Author Topic: zip-ja.trid.xml for Mozilla archive omni.ja  (Read 5157 times)

jenderek

  • Sr. Member
  • ****
  • Posts: 375
zip-ja.trid.xml for Mozilla archive omni.ja
« on: November 14, 2017, 06:38:14 PM »
Hello,

when i run trid in Mozilla Firefox and Thunderbird program directory on
different OS there i found dozen of files with name omni.ja which are not
recognized (see appended output/trid-old.txt).

Some Information about such archives is found on Wikipedia page about newer
firefox browser. So i use this as reference URL by line:
   <RefURL>https://en.wikipedia.org/wiki/Firefox_4</RefURL>

After searching on the net i found a site explaining some facts:
https://sourceforge.net/p/sevenzip/discussion/45798/thread/411a70b3/?limit=25

This kind of archive has the central directory ( start with magic
PK\001\002) at the beginning ( offset 4), where real ZIP files has central
directory at the end and start with file header ( magic PK\003\004).

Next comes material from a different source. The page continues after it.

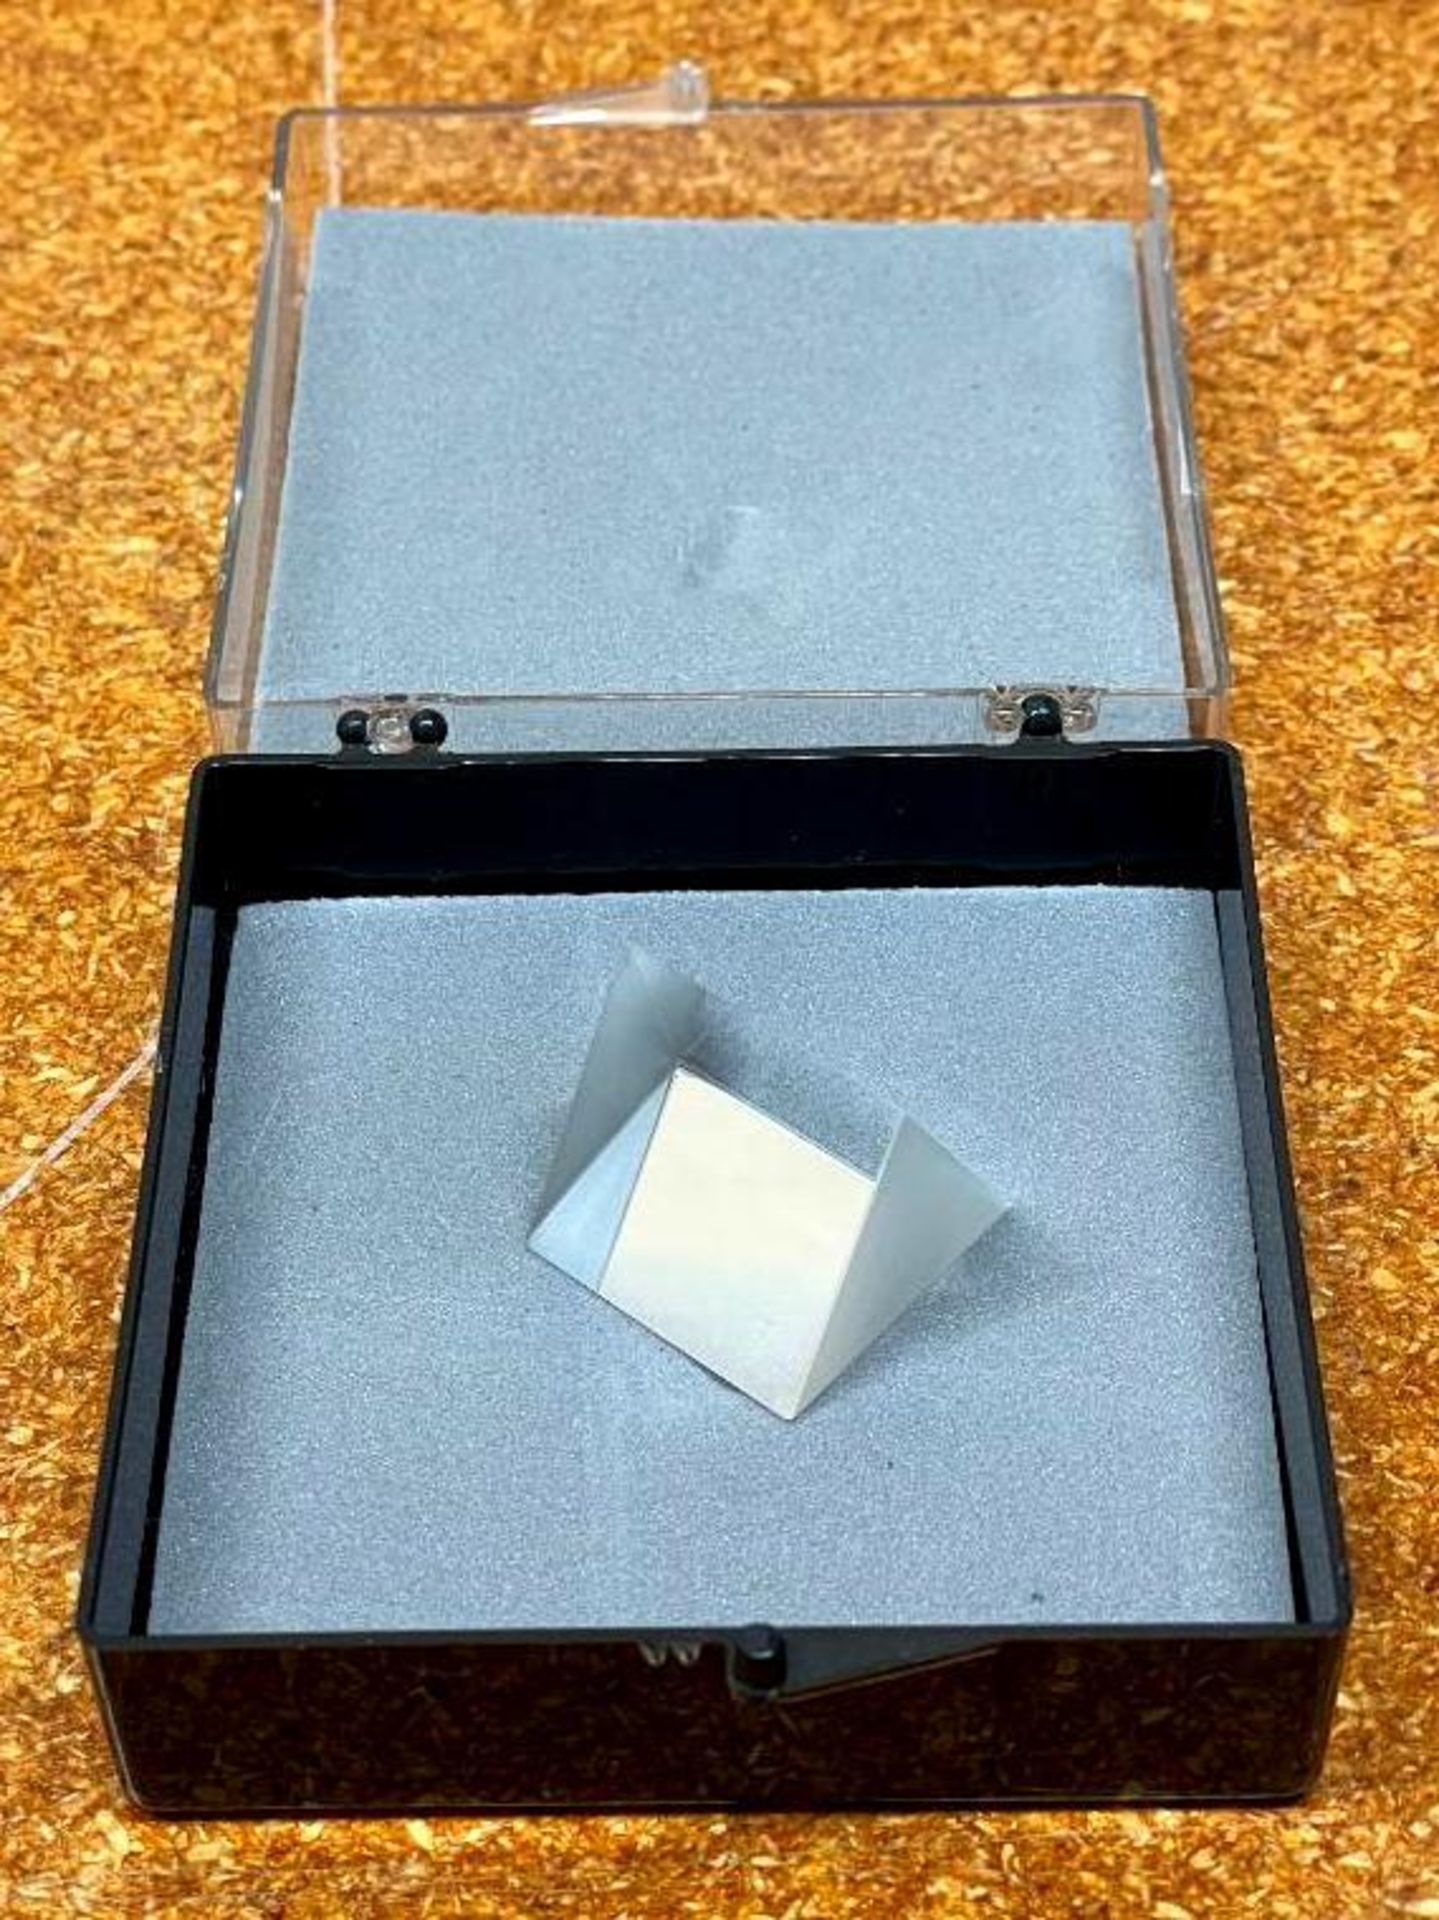 1" CALCIUM FLUORIDE EQUILATERAL PRISM BRAND/MODEL: JANOS A1431-025 INFORMATION: CaF2 PRISM QTY: 1
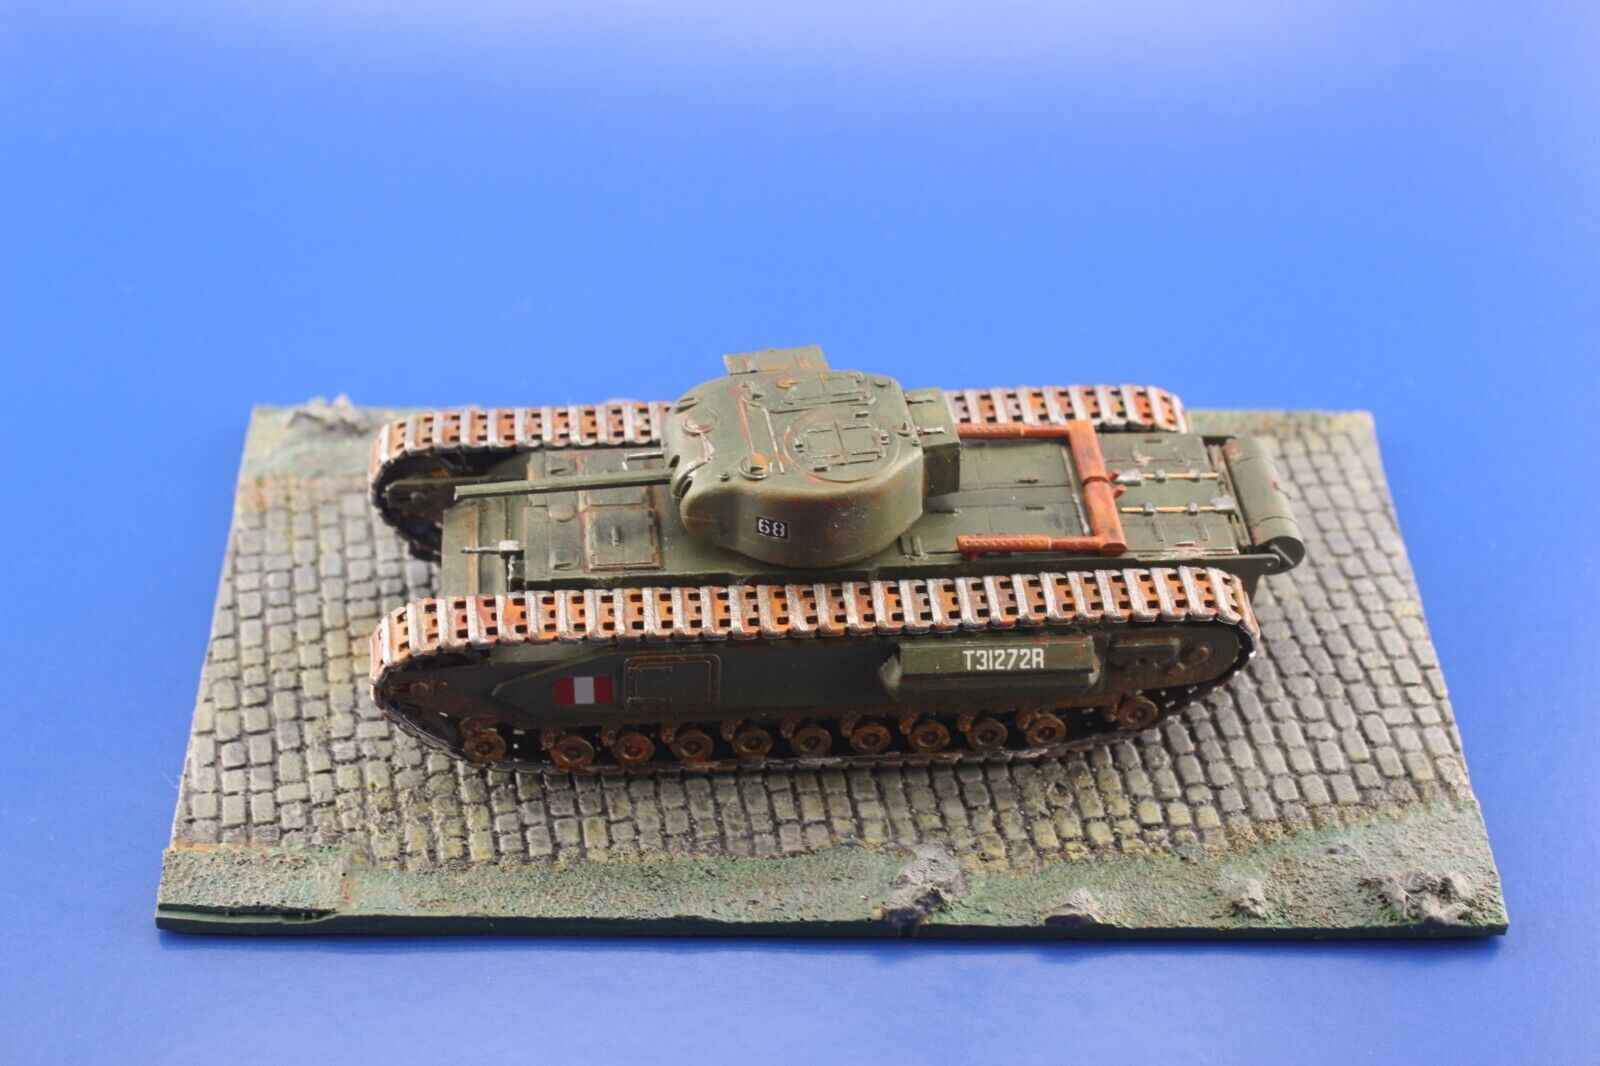 1/72 Diorama Display Base for Military Scale Model Tanks & Vehicles 1

Mention
this fact in remark line. So this is not strict ZIP file format. So instead
mime type application/zip use an other one by line:
   <Mime>application/x-zip</Mime>

Because it is a kind of zip archive name trid definition file
zip-ja.trid.xml. Most ZIP unpacker are able to extract such archives maybe
only partly or after some warnings. An example is command line like
zip -FF omni.ja --out omni.zip
So mention this also in remark line.

To understand pattern of definition file look at ZIP specification in
APPNOTE.TXT found at https://pkware.cachefly.net/webdocs/casestudies/ .

The main and first pattern is magic of file header by XML construct:
   <Bytes>504B0102</Bytes>
   <ASCII> P K</ASCII>
   <Pos>4</Pos>

The remaining pattern are determined by meta information of first file etc.
( look also at output\7z-l.txt). Version made was always found
2.0~2*10+0=20=14h. This is expressed by
   <Bytes>1400</Bytes>
   <Pos>8</Pos>
Unused upper byte of version needed to extract is expressed by:
   <Bytes>00</Bytes>
   <Pos>11</Pos>

Unused upper byte of general purpose bit flag is expressed by:
   <Bytes>00</Bytes>
   <Pos>13</Pos>
Unused upper byte of compression method and time and date of 1st file found
is 1 Jan 2010 00:00. This is expressed by:
   <Bytes>000000213C</Bytes>
   <Pos>15</Pos>
Upper byte of compressed size is null if first file is small.  This is
expressed by:
   <Bytes>0000</Bytes>
   <Pos>26</Pos>
Upper byte of uncompressed size is null if first file is small. This is
expressed by:
   <Bytes>0000</Bytes>
   <Pos>30</Pos>
Upper byte of file name length size is null if first file is like
"chrome.manifest". Then followed by Extra field, file comment, disk number,
file attributes are null. This is expressed by:
   <Bytes>00000000000000000000000000</Bytes>
   <Pos>33</Pos>
Upper byte of file offset size is null. This is expressed by:
   <Bytes>00</Bytes>
   <Pos>49</Pos>
More null pattern are part of 1st file content or by next file stuff.

If central directory contains a file name like appstrings.properties and no
extra field and file comment are used then next file header (magic
PK\001\002) immediately follows. This is expressed by global string like
   <String>APPSTRINGS.PROPERTIESPK</String>

I keep all found patterns, even if some occur by lucky circumstances,
because the file format of omni.ja is not official commentated. This is
very annoying that widely used web browser like firefox claiming to be open
source use undocumented file format to store data.

With new trid definition files now all inspected omni.js archive are now
recognized (see appended output/trid-new.txt). TrID definition, and output
are stored in archive ja.zip. I hope that the XML file can be used in
future version of triddefs.

With best wishes
J?rg Jenderek

Mark0

  • Administrator
  • Hero Member
  • *****
  • Posts: 2743
    • Mark0's Home Page
Re: zip-ja.trid.xml for Mozilla archive omni.ja
« Reply #1 on: November 14, 2017, 08:57:48 PM »
Good! I will try to collect some more .ja file to further refine the definition, if possible.
Thanks Joerg!